New SHC chief justice promises to root out corruption from judiciary
KARACHI: Sindh High Court Chief Justice Sajjad Ali Shah on Monday said that corruption among judicial officers or court staff would not be tolerated at any cost and the policy to root out the menace from the judiciary would continue.
This he said while briefly talking to the media persons shortly after taking the oath as the 24th chief justice of the SHC from Governor Ishratul Ibad at a simple and prestigious ceremony on the high court premises.
CJ Shah, who was appointed an SHC judge on Oct 25, 2005, became the first chief justice of the SHC to take the oath in Urdu.
Rangers chief Major General Bilal Akbar, provincial police chief, sitting and former judges of the high court and senior lawyers also attended the ceremony.
In response to a question, the chief justice said that over 40,000 cases were pending disposal at the SHC across the province. He said that efforts would be made to dispose of the cases filed till 2000 by June 2016.

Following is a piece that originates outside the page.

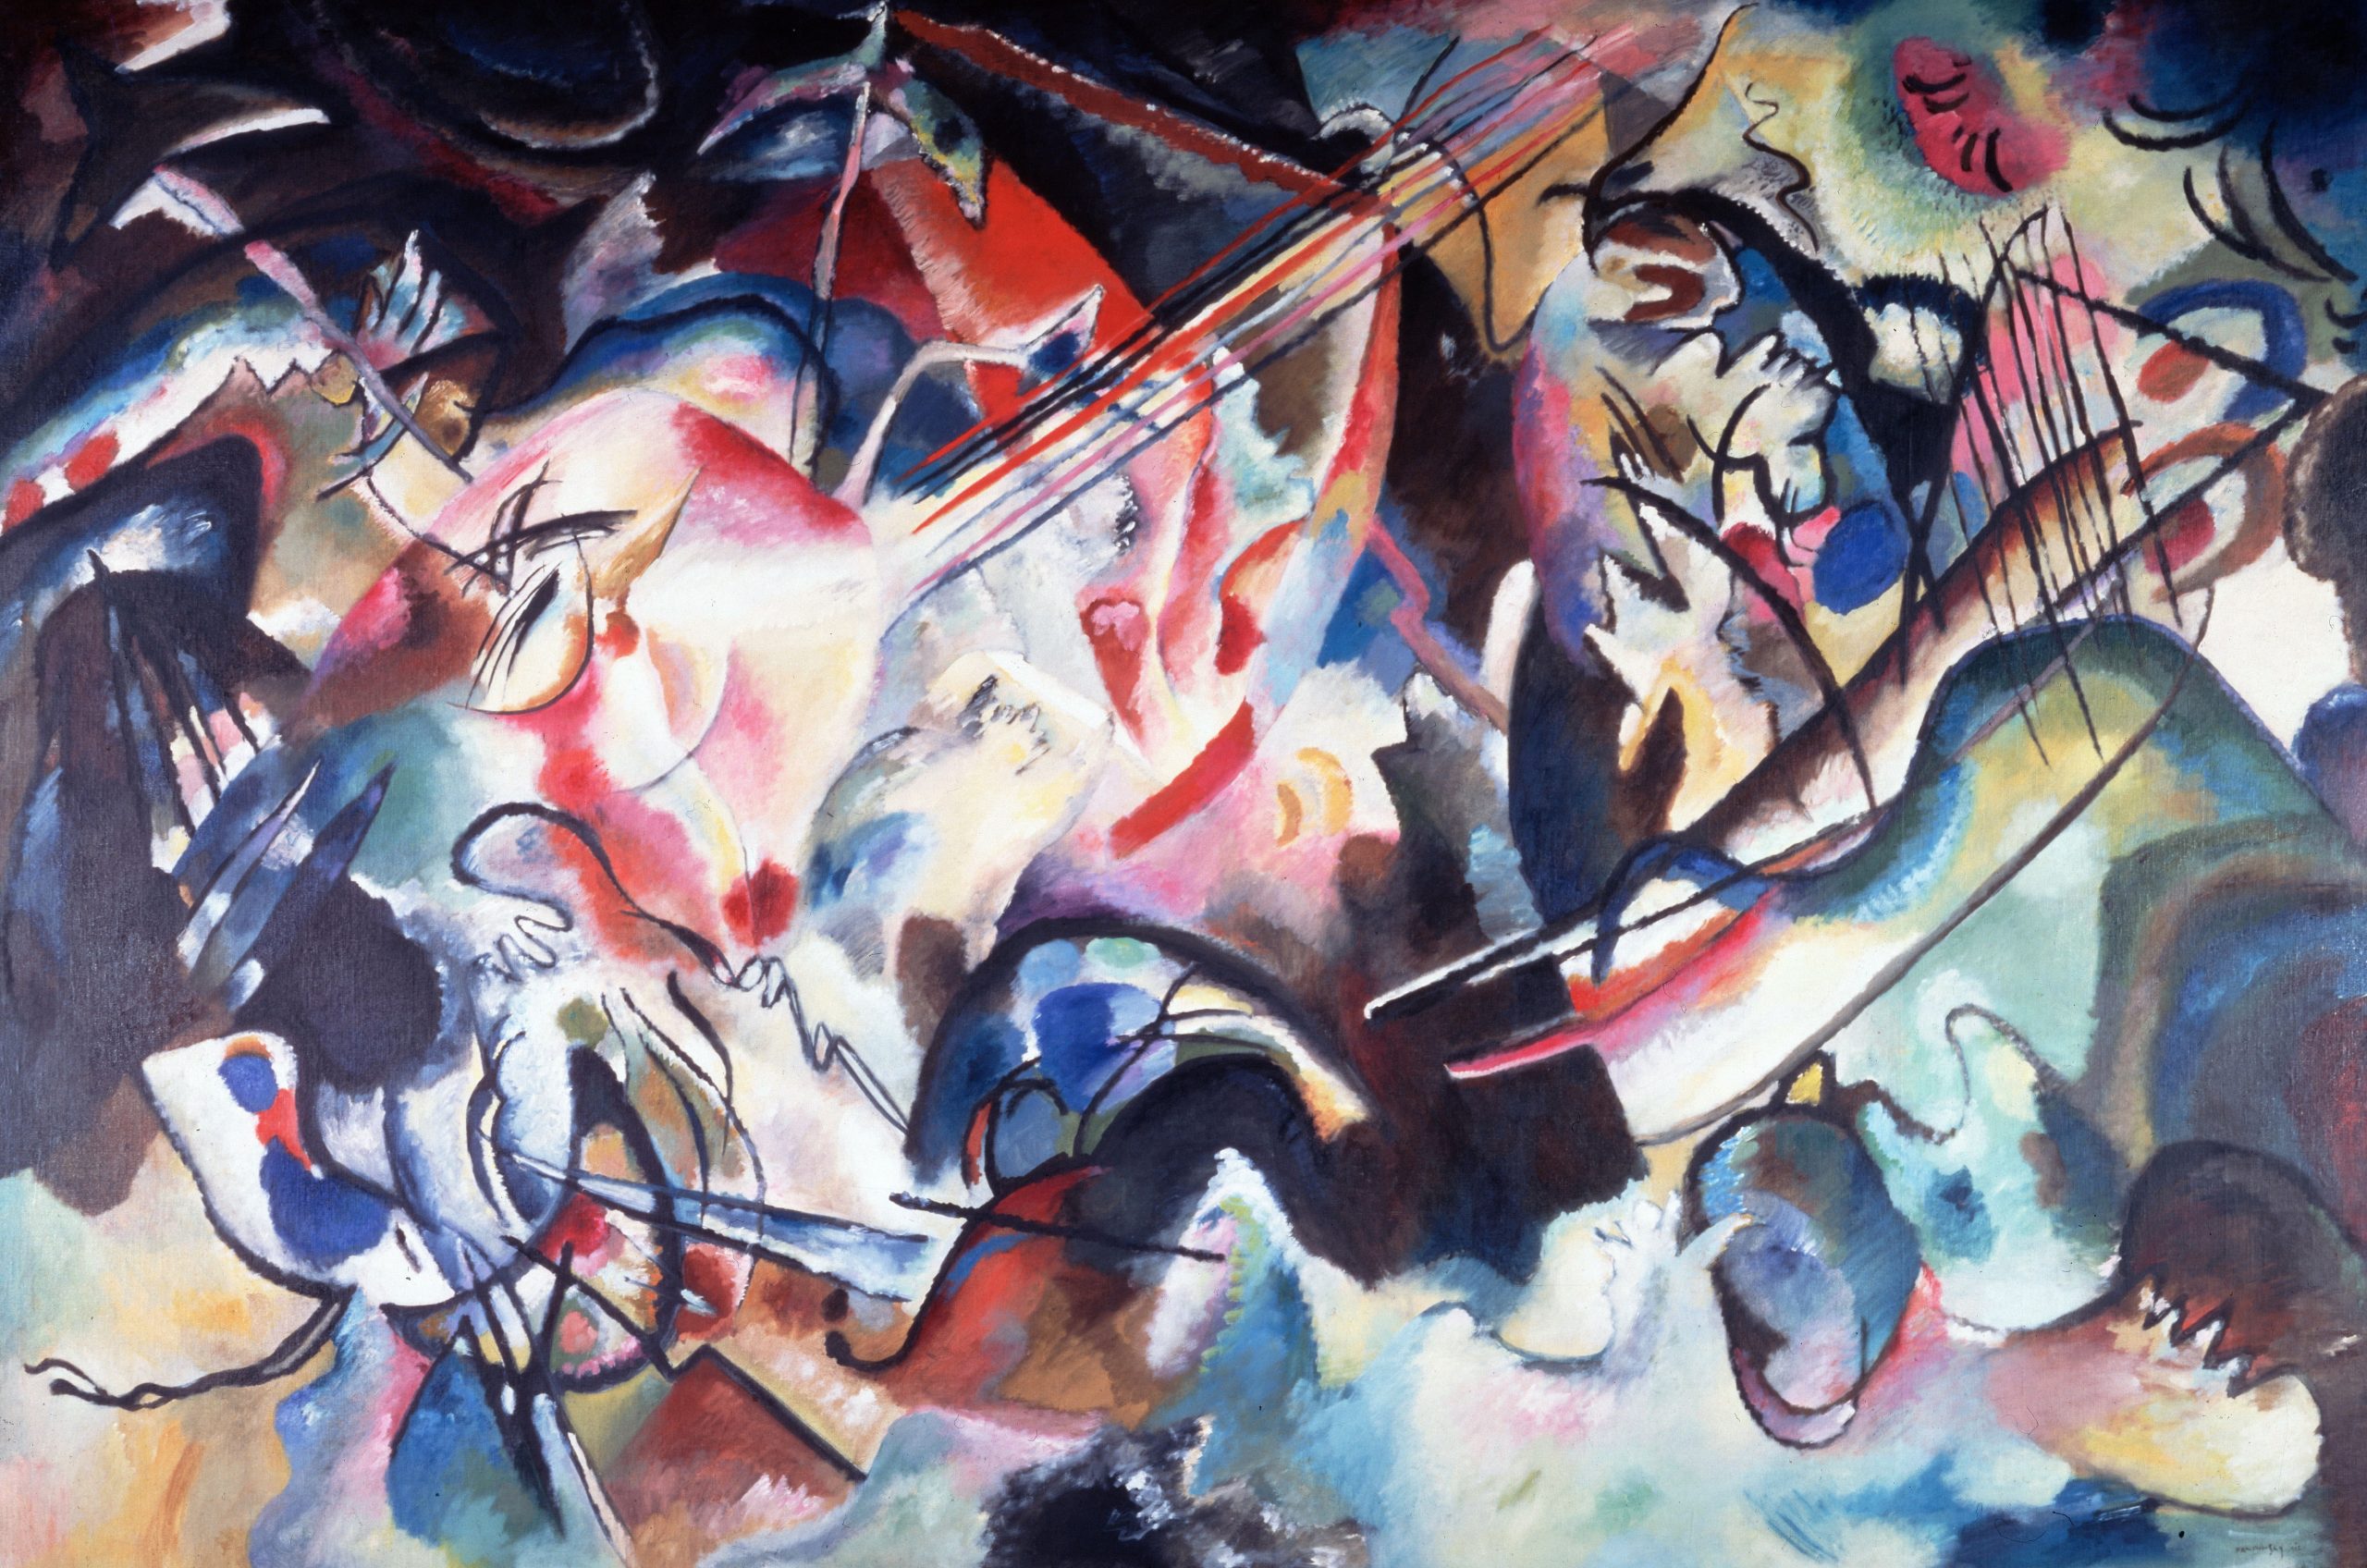 Multicolored Abstract Painting Wallpaper, Picture, Wassily Kandinsky,  Composition VI - Wallpaperforu

Born on Independence Day in 1957 in Karachi, CJ Shah, son of an electronics engineer working in the Pakistan Air Force, received his early education in different parts of the country.
He was among those judges who refused to take the oath under General Pervez Musharraf’s Provisional Constitution Order (PCO) in 2007.
After graduating from Government Islamia College, Karachi, and obtaining a Bachelors of Law degree in 1984 from S.M. Law College, CJ Shah entered the legal profession in 1985 and practised at the bar for 20 years.
During his legal practice, he represented the federal government in many important cases before the Supreme Court and the high courts.
The chief justice, who did Masters in Law in 1988, was also a visiting faculty at S.M. Law College, Karachi, from 1995 till his elevation to the bench.
He was appointed standing counsel for the federal government in 2002 and thereafter as deputy attorney general in 2004.